Prompt
With the images removed, write out every line below exactly.
** Opening Data block **
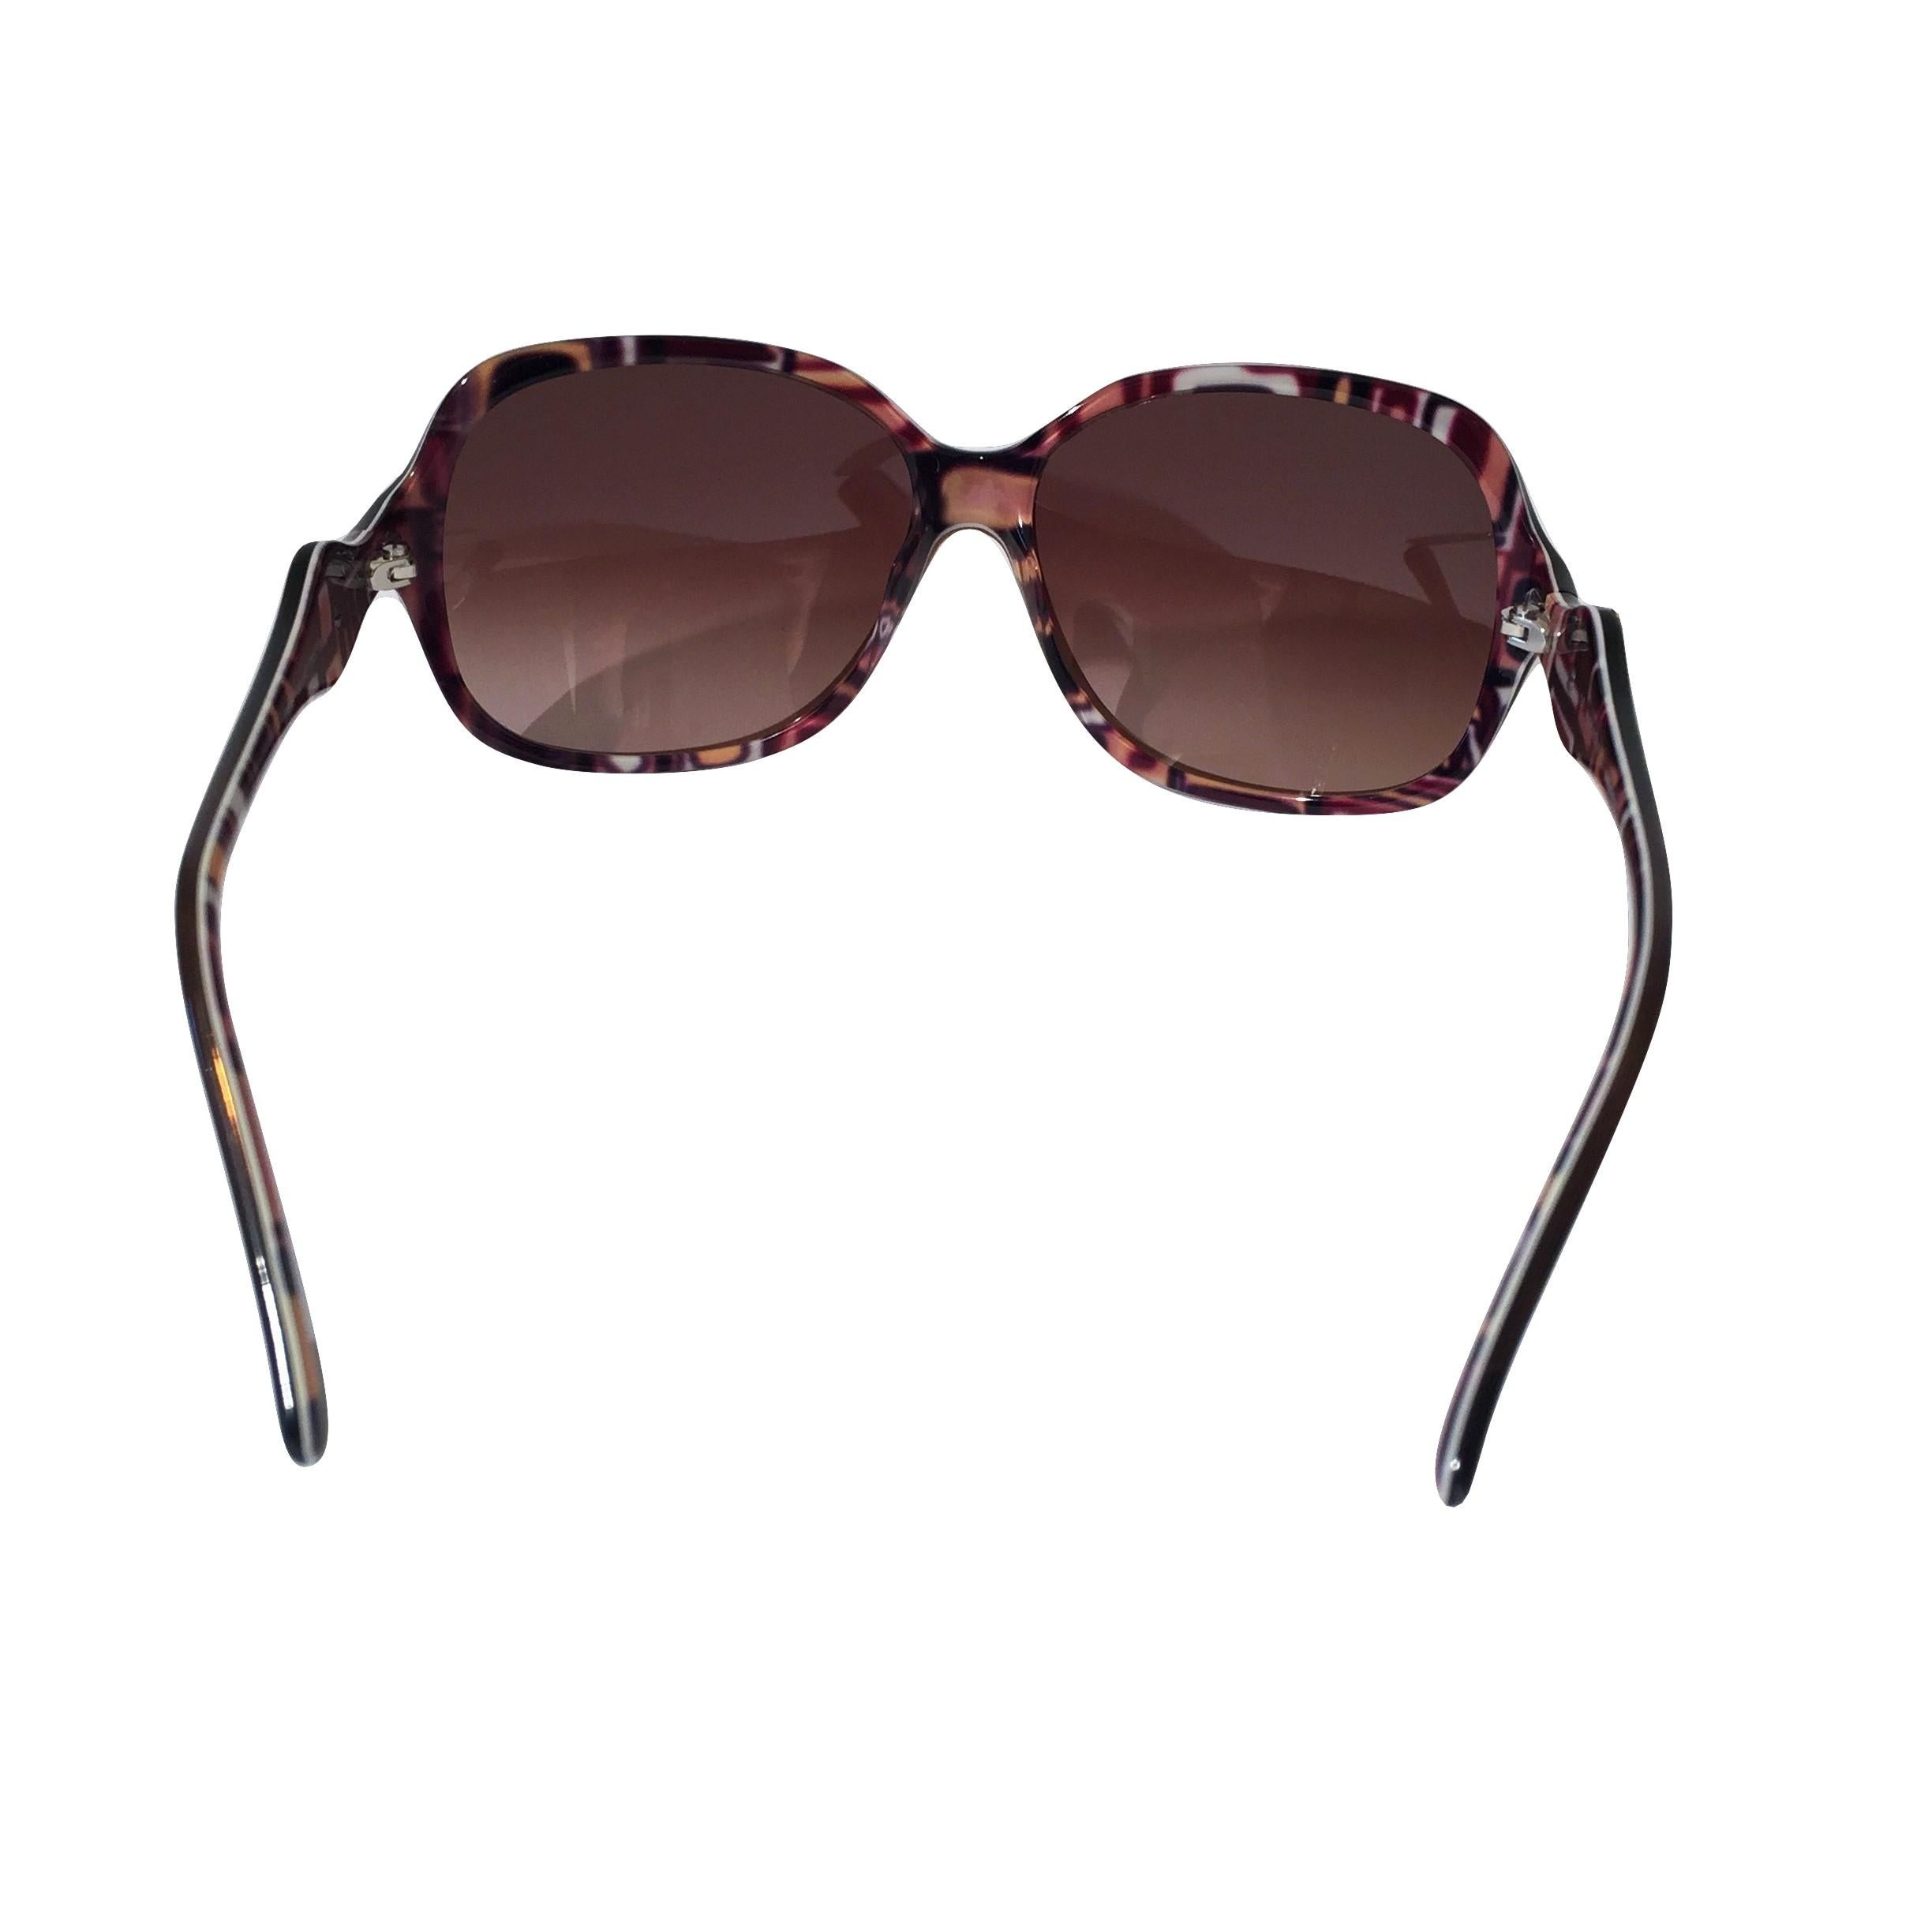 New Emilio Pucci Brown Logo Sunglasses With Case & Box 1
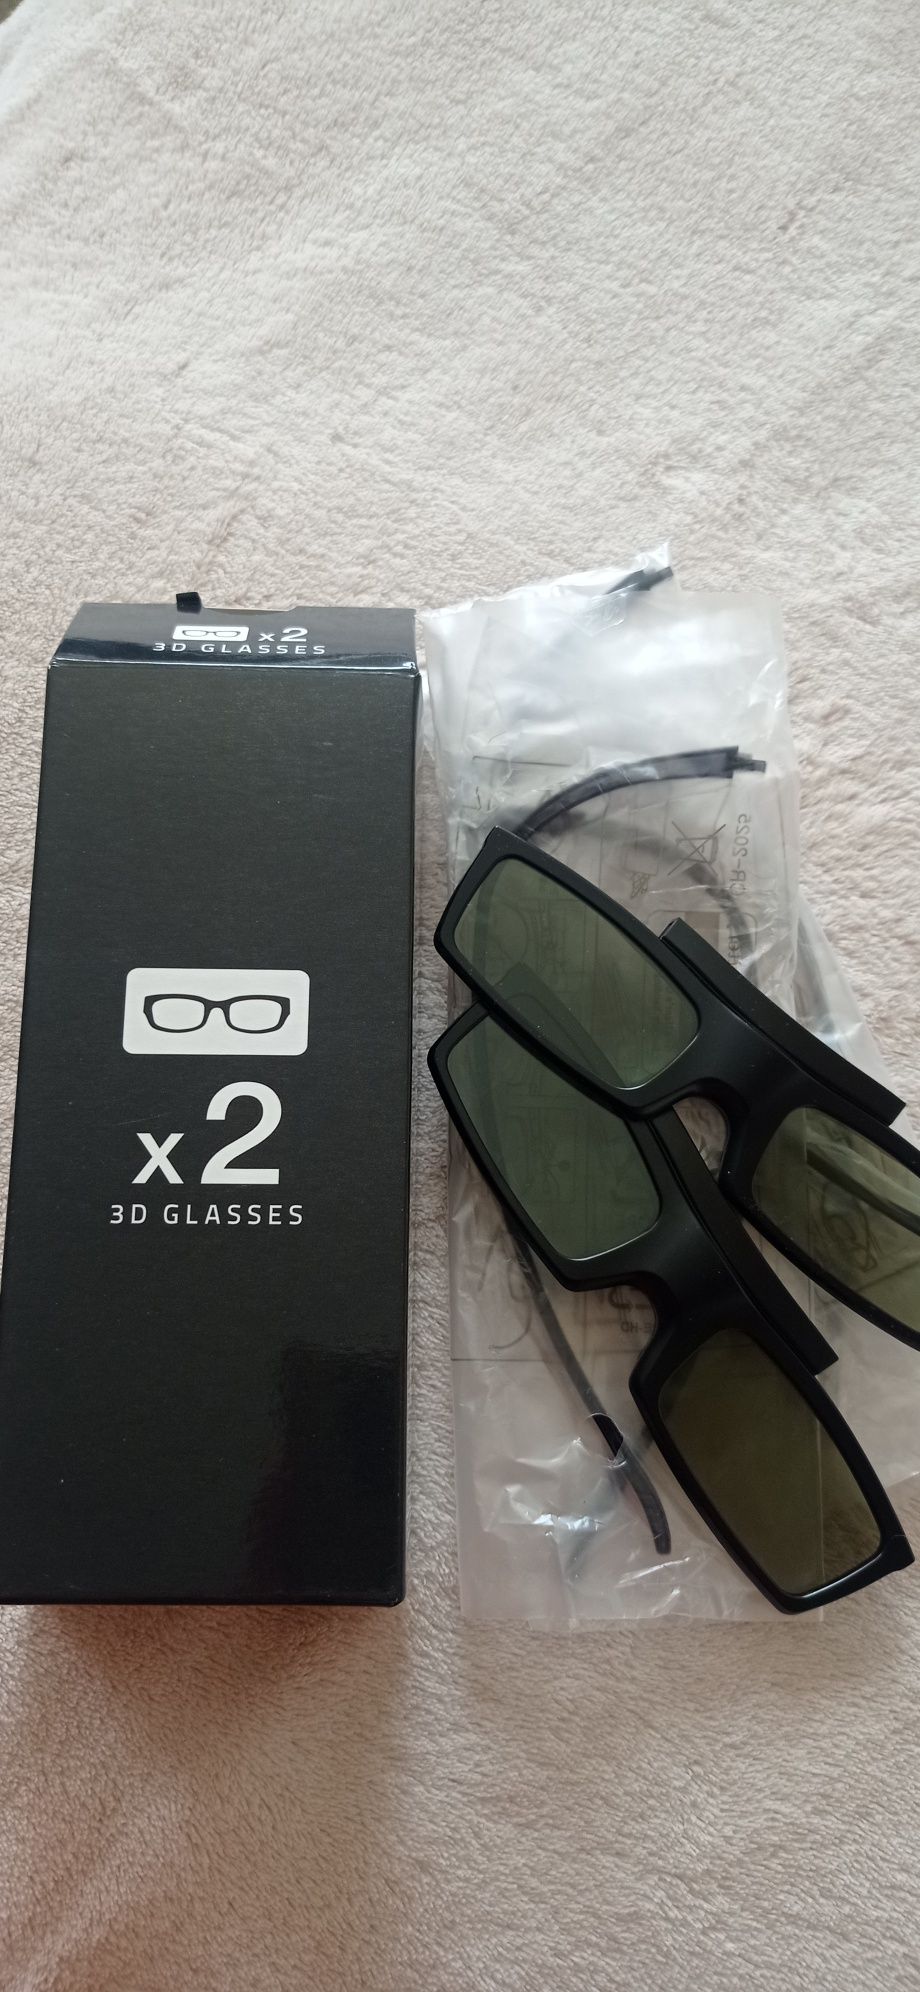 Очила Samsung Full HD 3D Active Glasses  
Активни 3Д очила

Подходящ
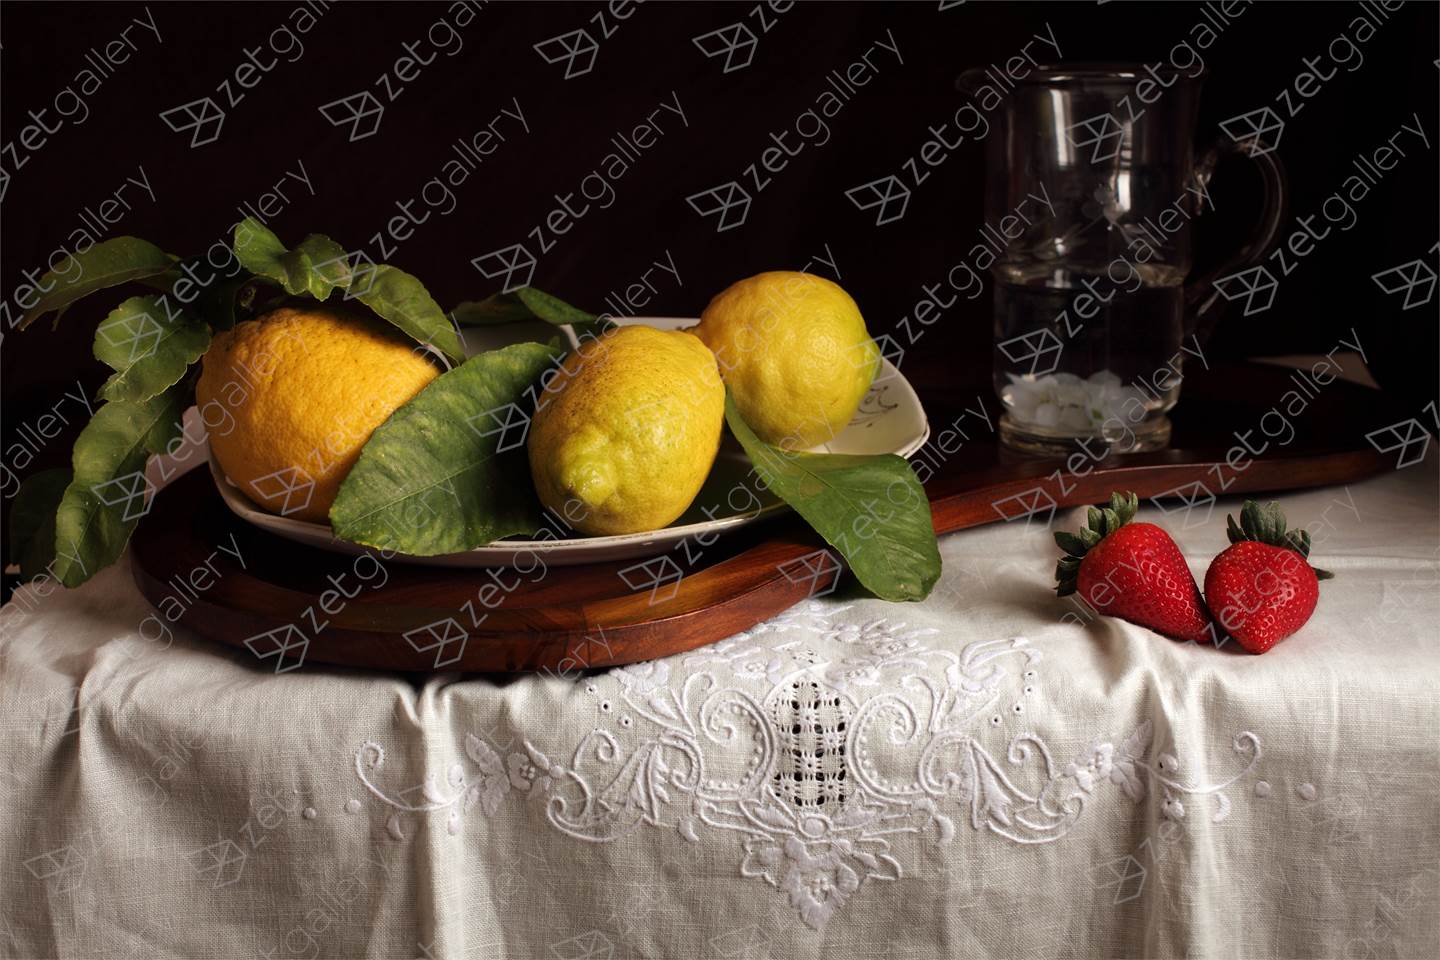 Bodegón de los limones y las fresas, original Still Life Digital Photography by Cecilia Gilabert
** Closing Data block **
Result for this task
 New Emilio Pucci Brown Logo Sunglasses With Case & Box 1
 Очила Samsung Full HD 3D Active Glasses  
Активни 3Д очила

Подходящ
 Bodegón de los limones y las fresas, original Still Life Digital Photography by Cecilia Gilabert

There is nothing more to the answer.